= Dentaid =

British dental charity

Dentaid The Dental Charity is a British dental charity. The organisation is based in Totton, and has been active since the mid-1990s.

Dentaid The Dental Charity provides dental care and oral health advice for people experiencing homelessness, abuse, poverty and harm. They use mobile dental units to travel the UK providing outreach dental clinics for people experiencing homelessness, survivors of abuse, families experiencing poverty, vulnerable women, refugees, cancer patients, fishing communities and other vulnerable people in our communities.

== History ==
Dentaid was founded on the 3rd of November, 1996 when an English dentist refurbished a chair in his garage. Originally, Dentaid focused on refurbishing donated dental equipment and sending it to charitable dental clinics around the world.

In 2009, engineers at Dentaid created the DentaidBox, a portable surgery that can be operated without access to electricity or running water. As the charity gained more funding, they started overseas oral health education project, dental engineer training and volunteering trips. These overseas trips continue to this day.

Dentaids First UK Project took place in Dewsbury, West Yorkshire in December 2015 partnered with The Real Junk Food Project. They provided free clinics for people who were struggling to access dental care. After the success of this project, Dentaid purchased a mobile dental unit to visit more patients in the Uk.

Currently, Dentaid operates nine mobile dental units and one trailer.

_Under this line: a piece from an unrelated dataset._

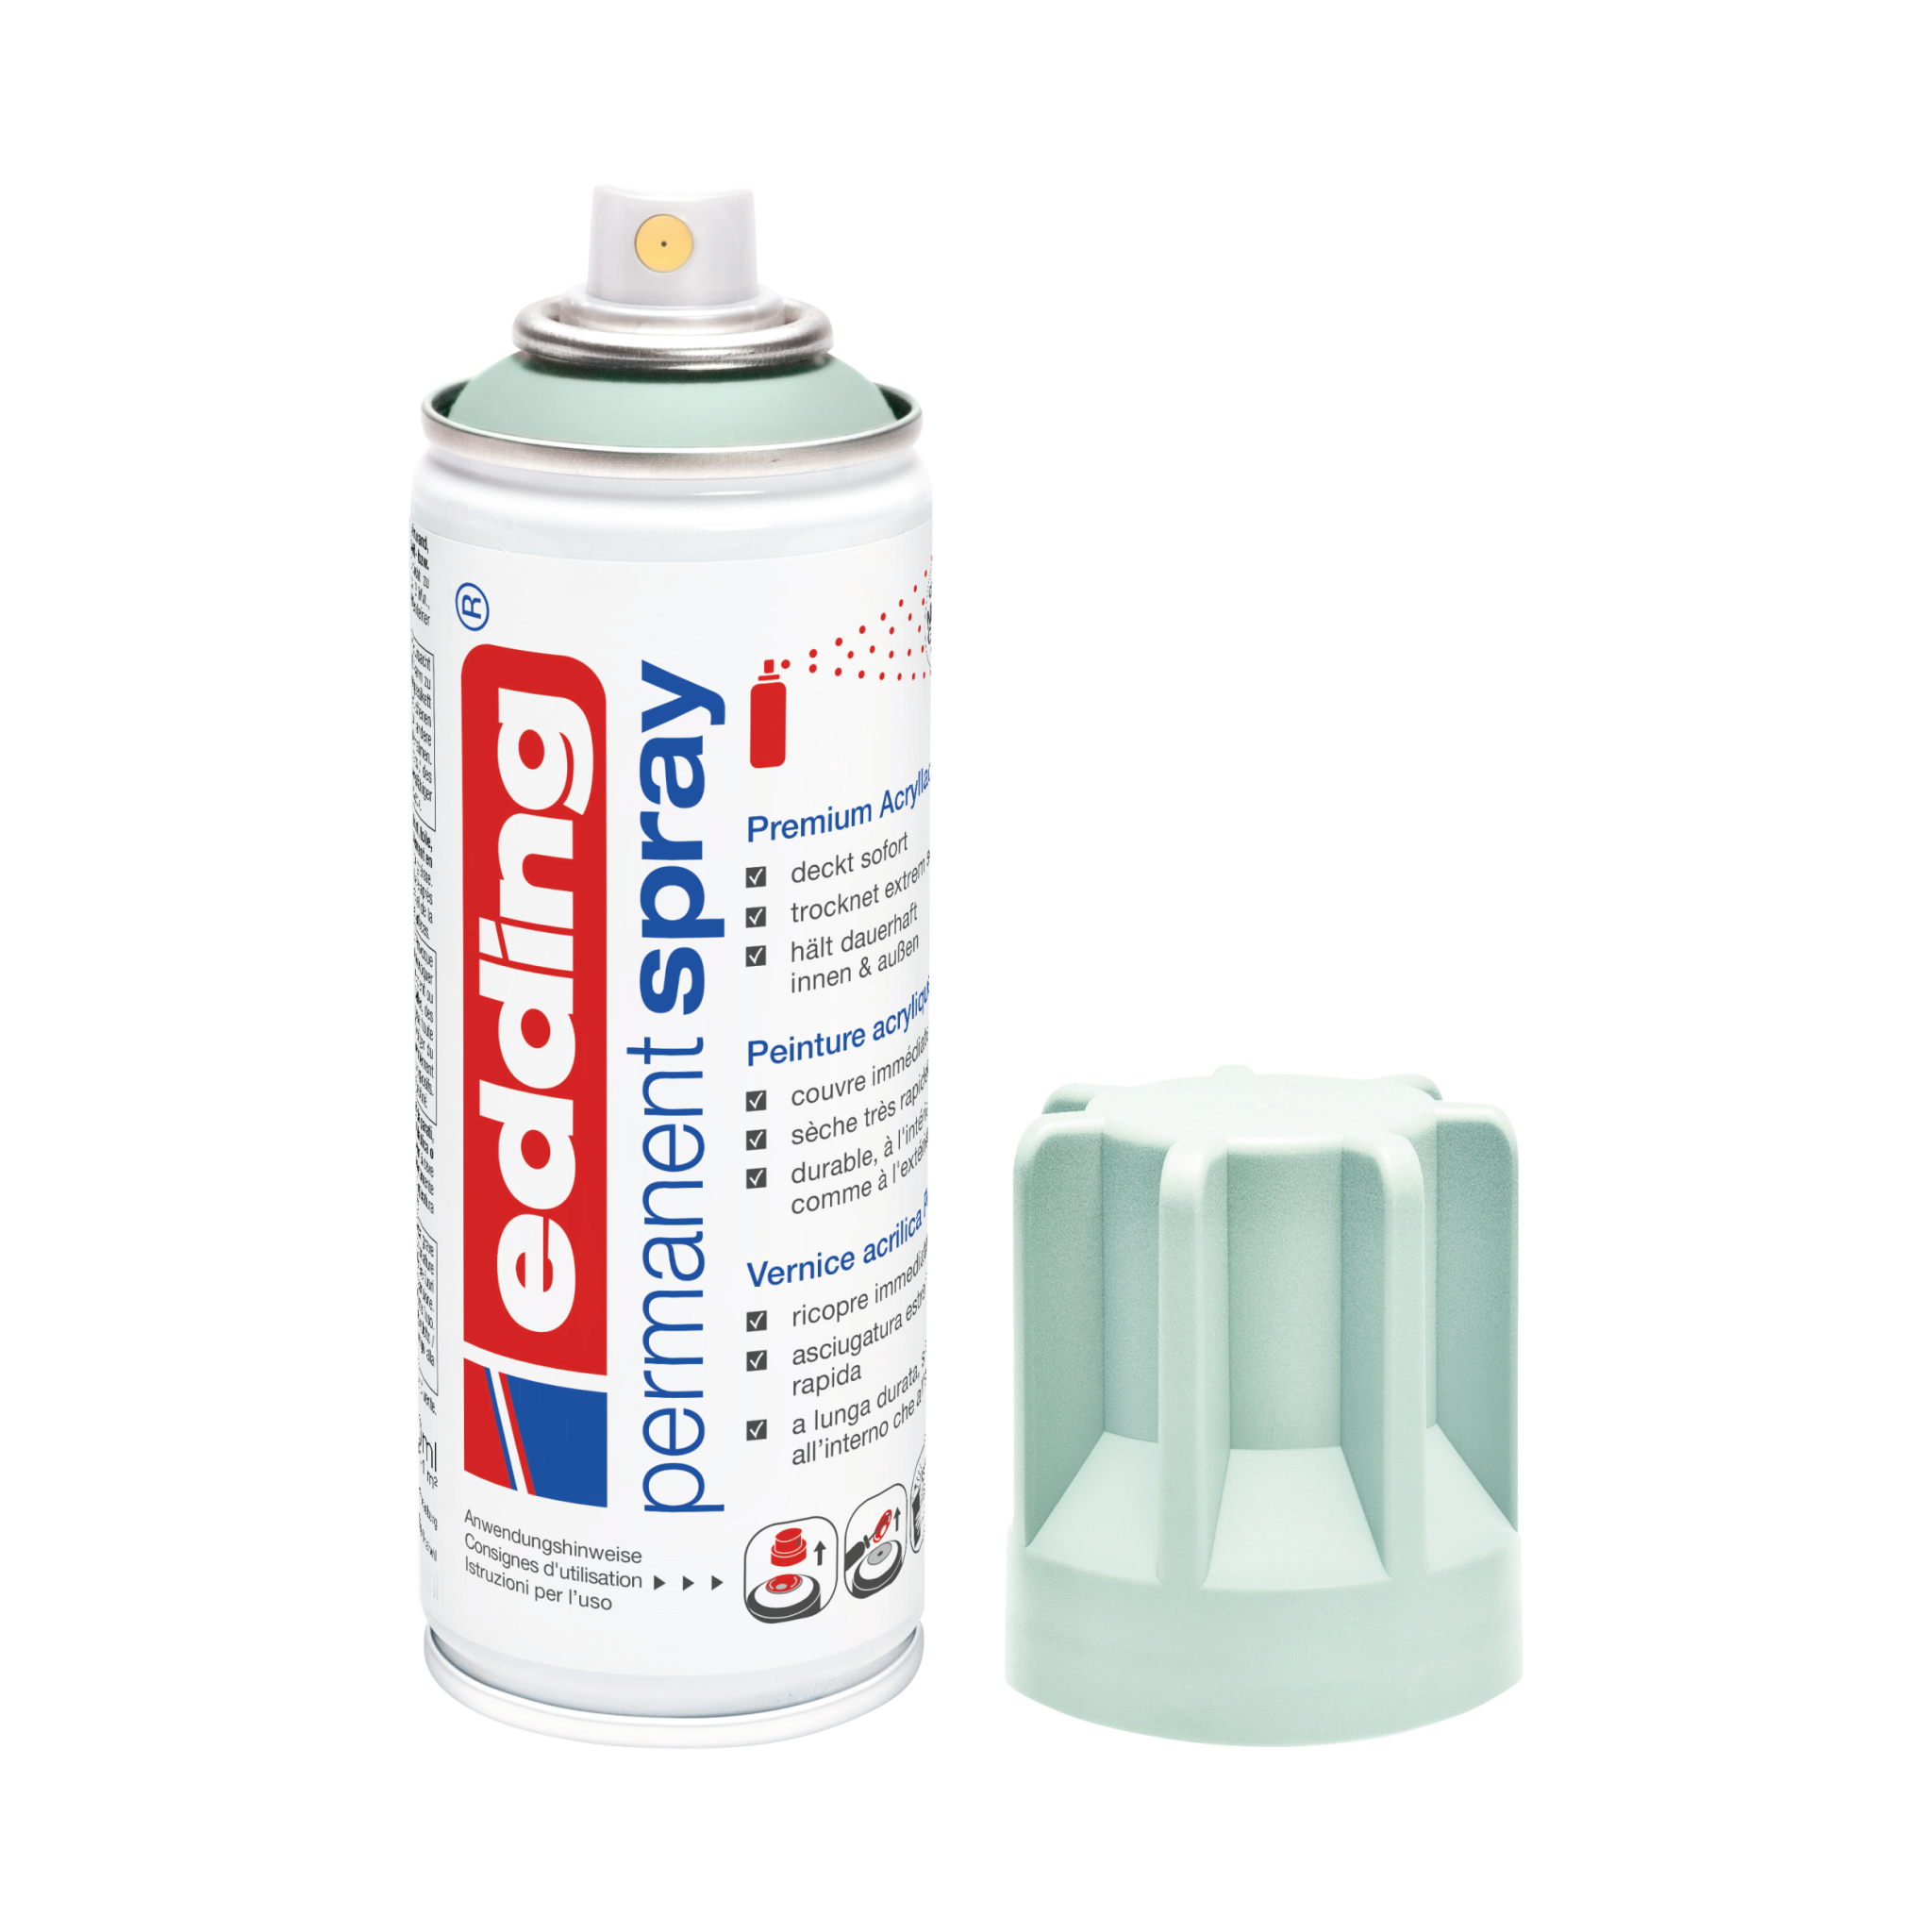 Eine Dose Edding 5200 Permanentspray Acryllack Pastell & sanfte Farben in Weiß, deren Deckel abgenommen und daneben platziert wurde.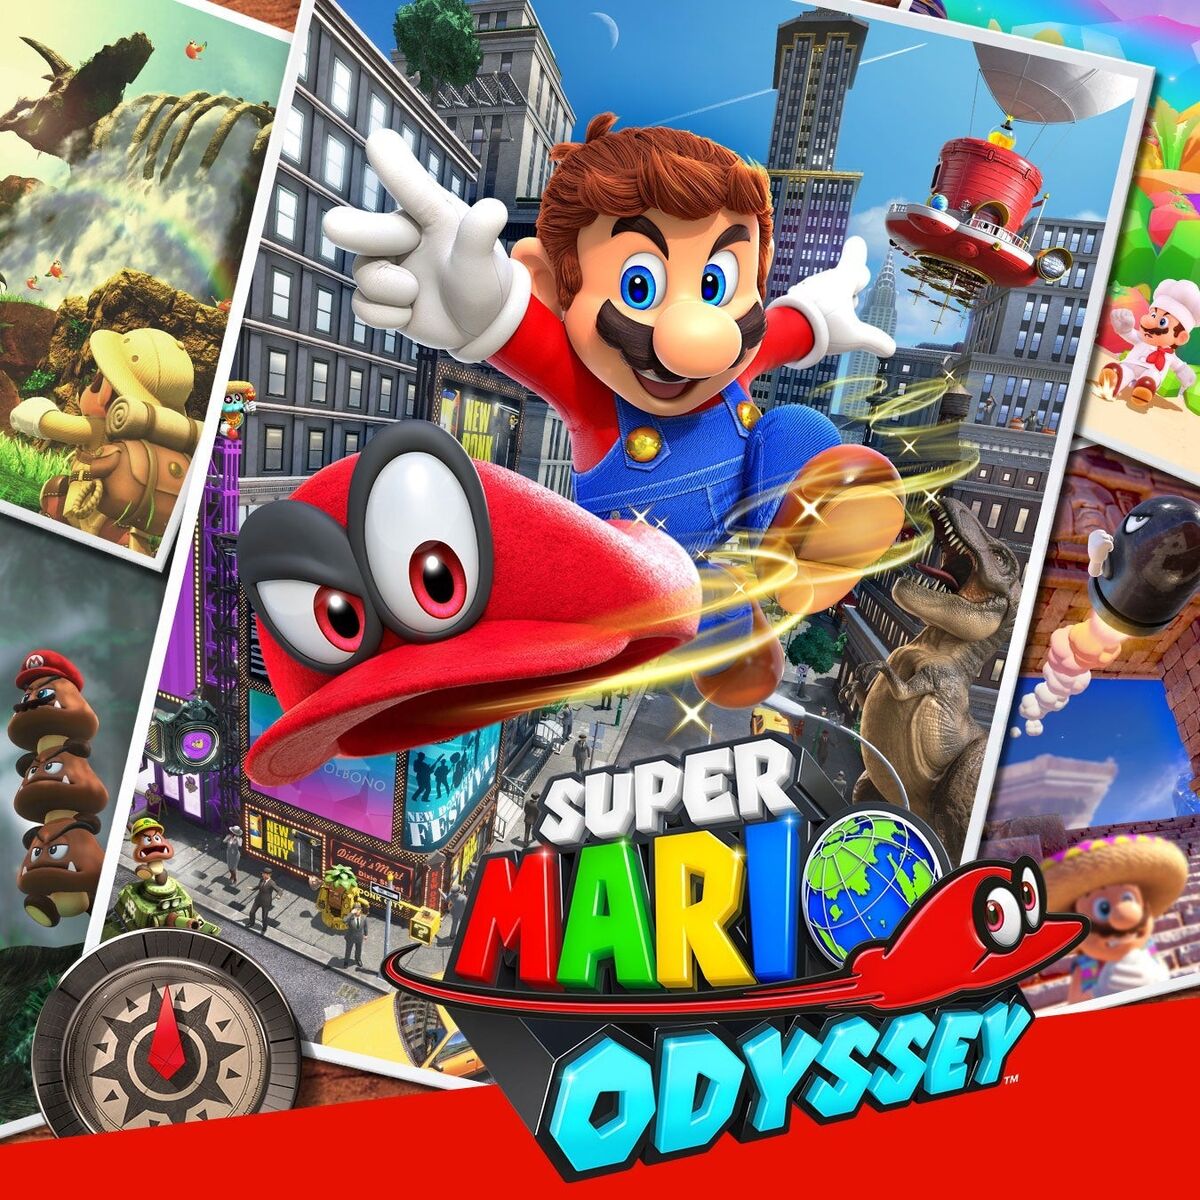 Super Mario Odyssey | Vesterandfriends Wiki | Fandom

They travel the country visiting soup kitchens, hostels and community centres with volunteer dental professionals providing dental treatment and oral health advice.

== UK Clinics ==
In the Uk, Dentaid utilises their nine mobile dental units to improve the oral health of vulnerable people. They offer dental screening, oral cancer checks, pain relieving and emergency treatments, preventative and restorative dentistry and oral health advice. Their goal is to breakdown barriers their patients face in accessing dental treatment relieving pain and increasing confidence in their oral health.

Dentaid designs care pathways that specifically suit the people they work with. Using their fleet of mobile dental units they visit locations where patients feel safe. This includes soup kitchens, night shelters, hostels, community centres and projects that support the vulnerable people.

== Overseas clinics ==
Dentaid runs overseas projects aimed at delivering dental care to poor and remote communities in Africa, Asia and South America.

Dentaid supports overseas dental partners by supplying equipment, funding outreach projects, and offering UK volunteer dental professionals opportunities to work alongside local teams. This enables clinicians to deliver care in areas where people have no other access to treatment, running dental clinics and oral health programmes in communities worldwide. Dentaid's projects operate in schools, prisons, orphanages, refugee camps, rural clinics, and regions facing poverty.

The charity provides refurbished and portable dental equipment, which is supplied to dental professionals overseas. Volunteering teams work alongside these professionals, sharing expertise and helping partners expand dental services into new areas.

Dentaid also supports programmes that are training a new generation of dental professionals.